═════ DATA SECTION ═════

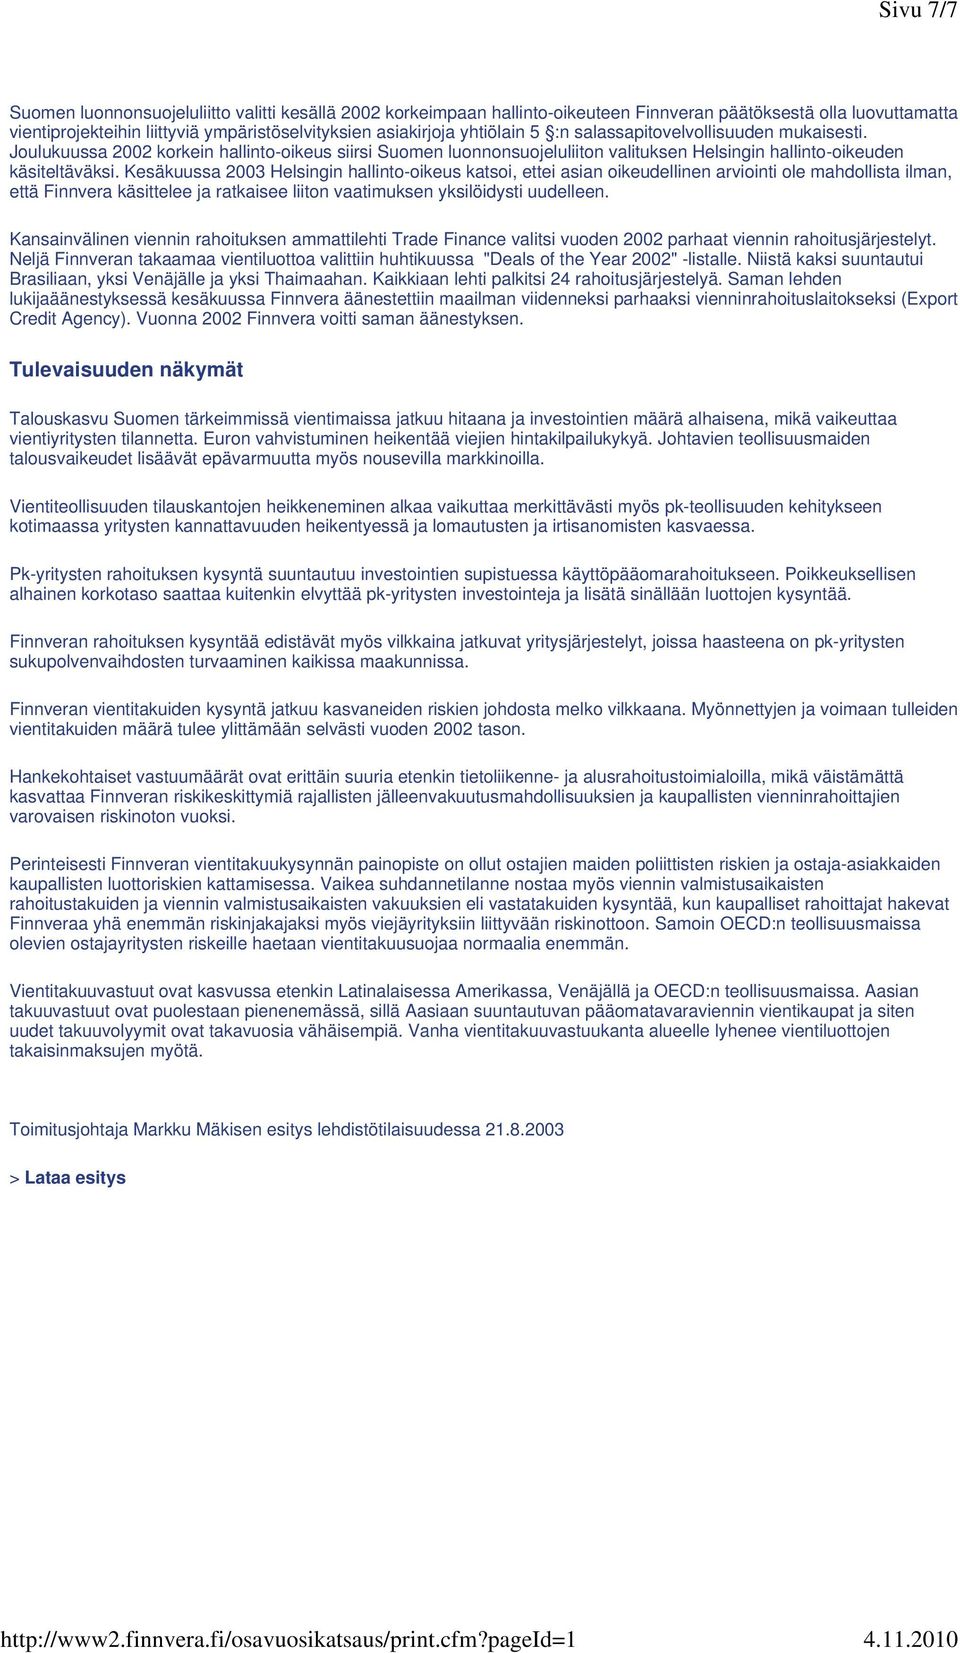 Kesäkuussa 2003 Helsingin hallinto-oikeus katsoi, ettei asian oikeudellinen arviointi ole mahdollista ilman, että Finnvera käsittelee ja ratkaisee liiton vaatimuksen yksilöidysti uudelleen.
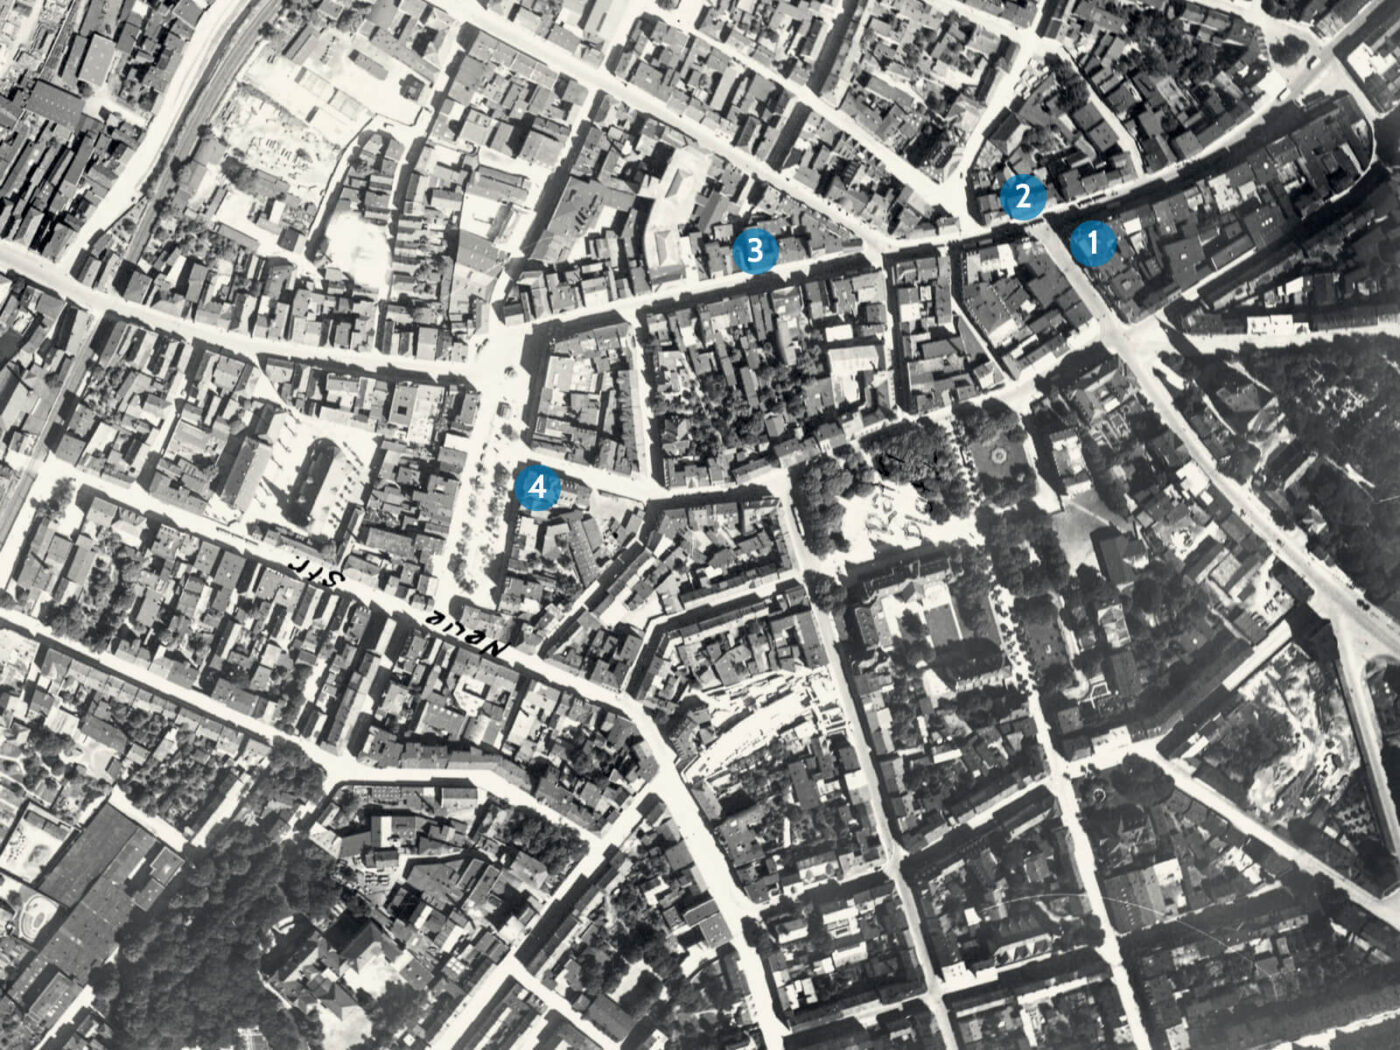 Luftbild der Harburger Innenstadt 1929 mit Markierungen auf den von Sarne erwähnten Orten
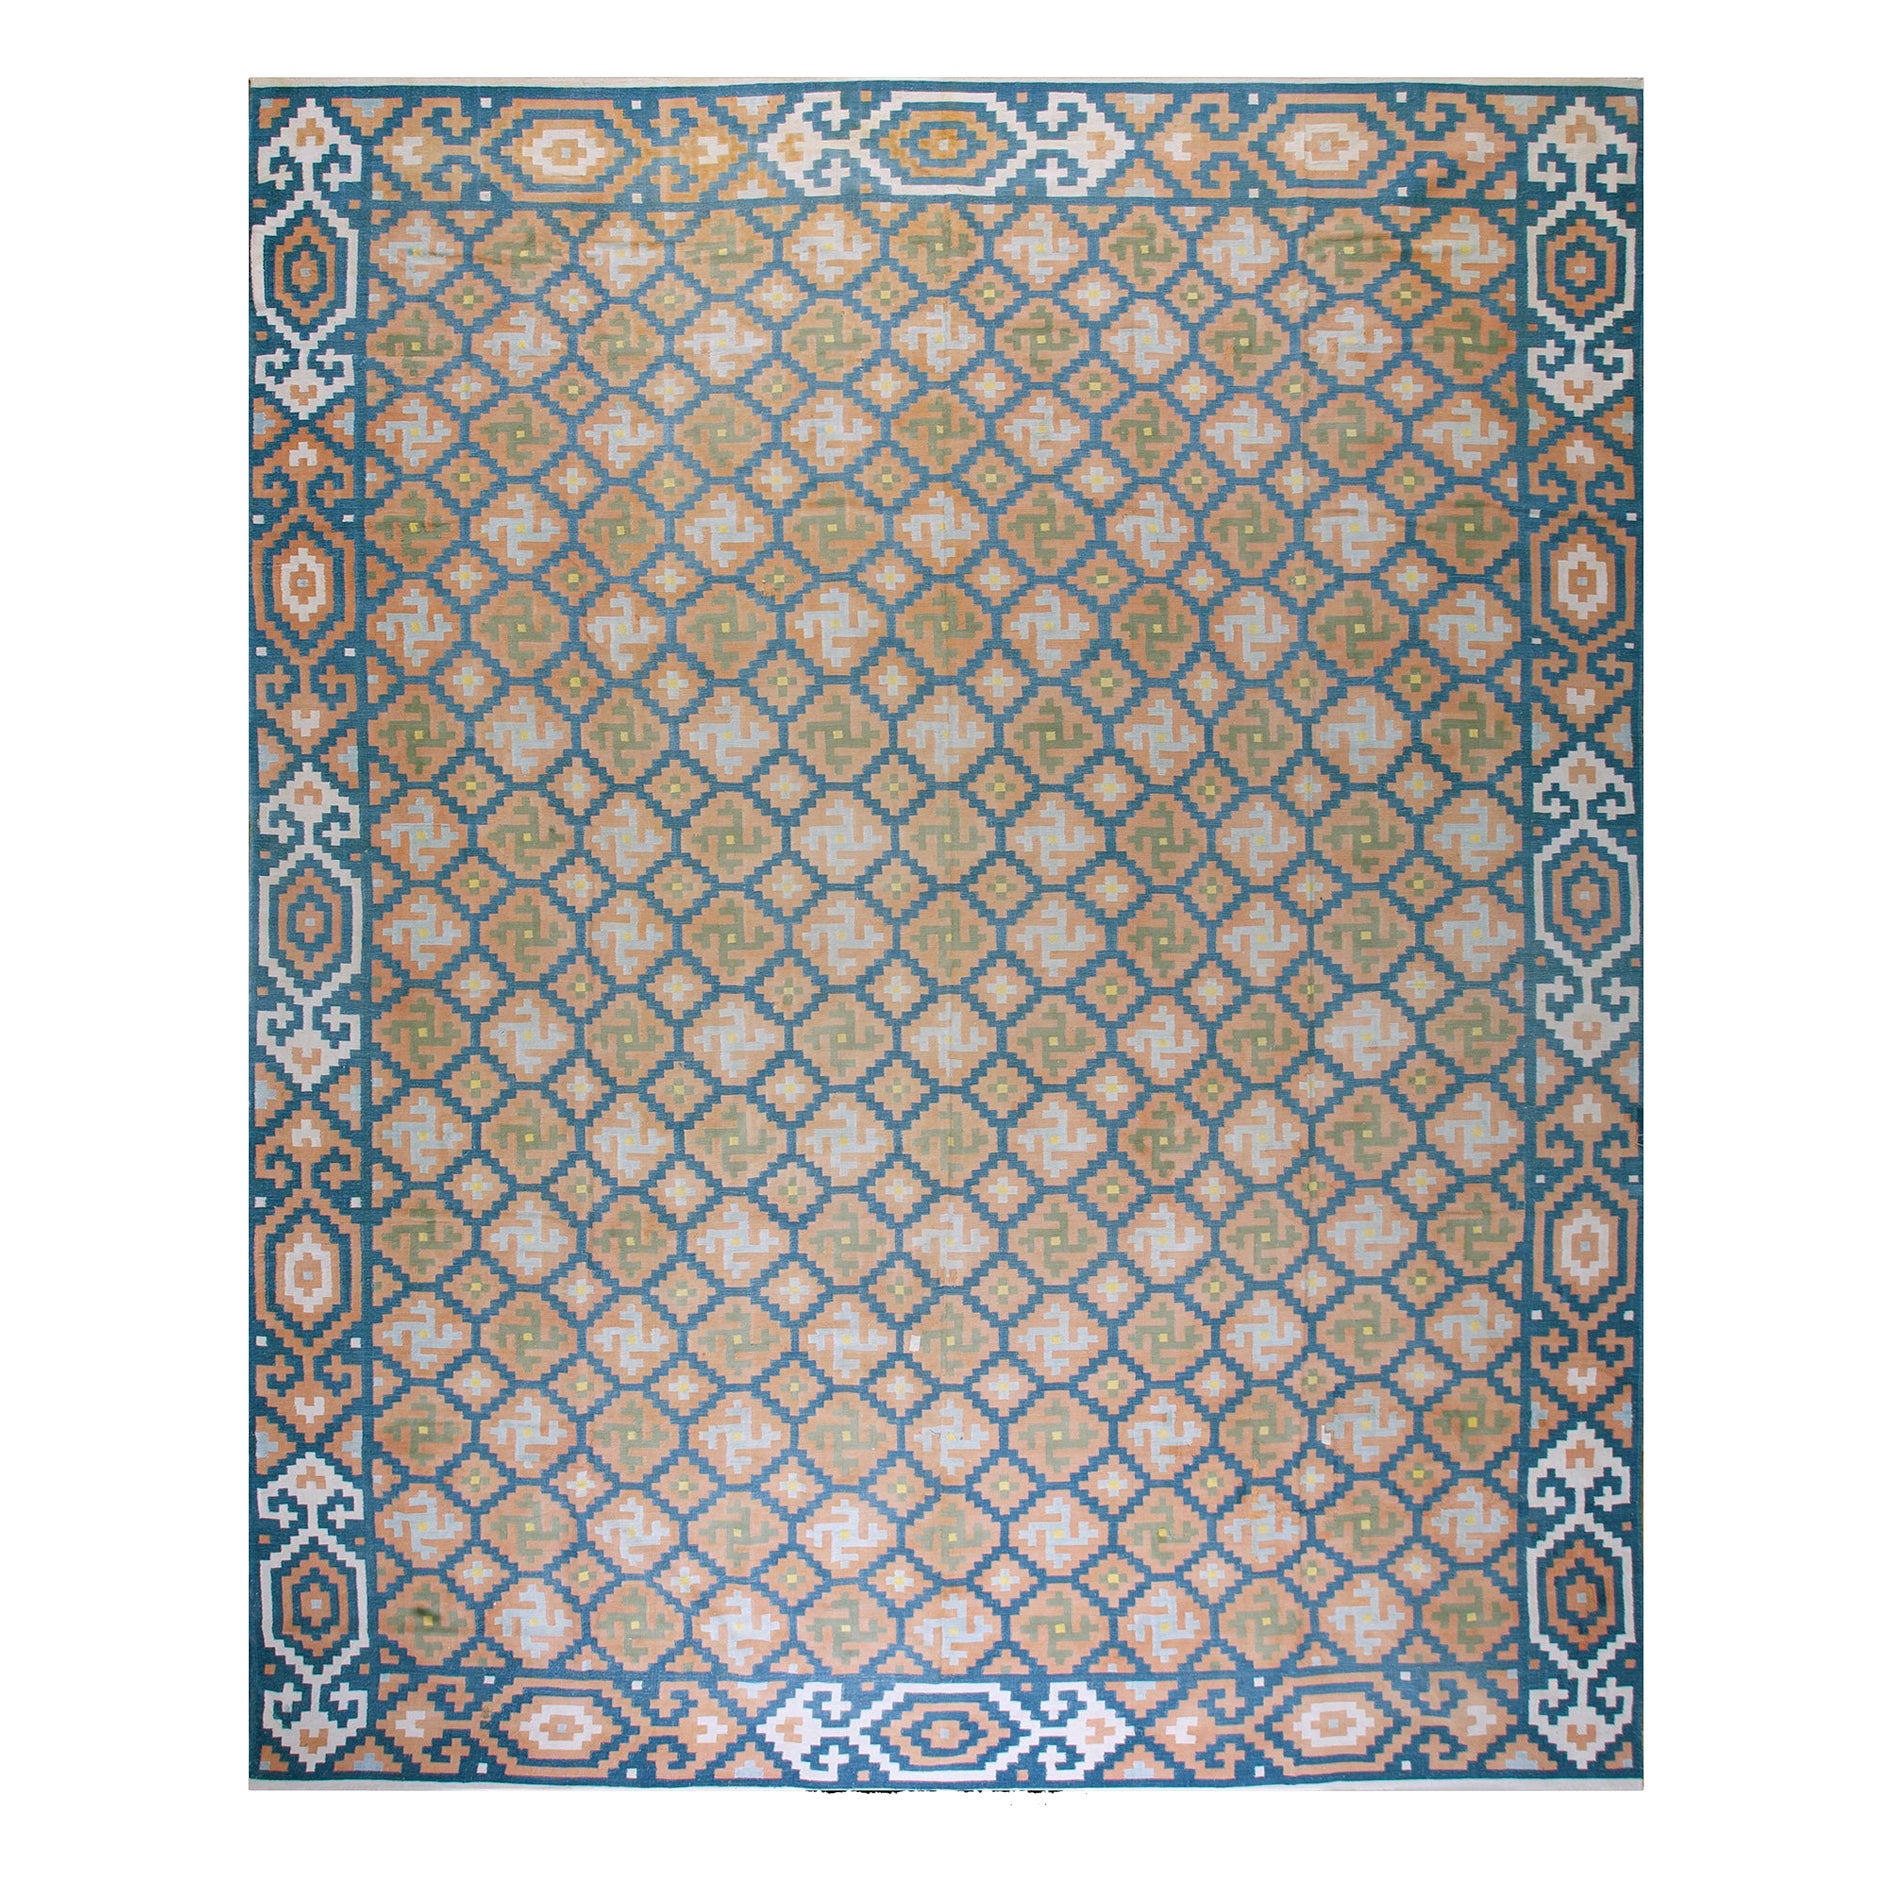 1930s Indian Cotton Dhurrie Carpet ( 12'2" x 15'2" - 371 x 462 )

═════

**YOUR INSTRUCTIONS**
Retype the data word for word, please, and keep the images out.

**RESPONSE BOX**
 Kesäkuussa 2003 Helsingin hallinto-oikeus katsoi, ettei asian oikeudellinen arviointi ole mahdollista ilman, että Finnvera käsittelee ja ratkaisee liiton vaatimuksen yksilöidysti uudelleen.
 Luftbild der Harburger Innenstadt 1929 mit Markierungen auf den von Sarne erwähnten Orten
 1930s Indian Cotton Dhurrie Carpet ( 12'2" x 15'2" - 371 x 462 )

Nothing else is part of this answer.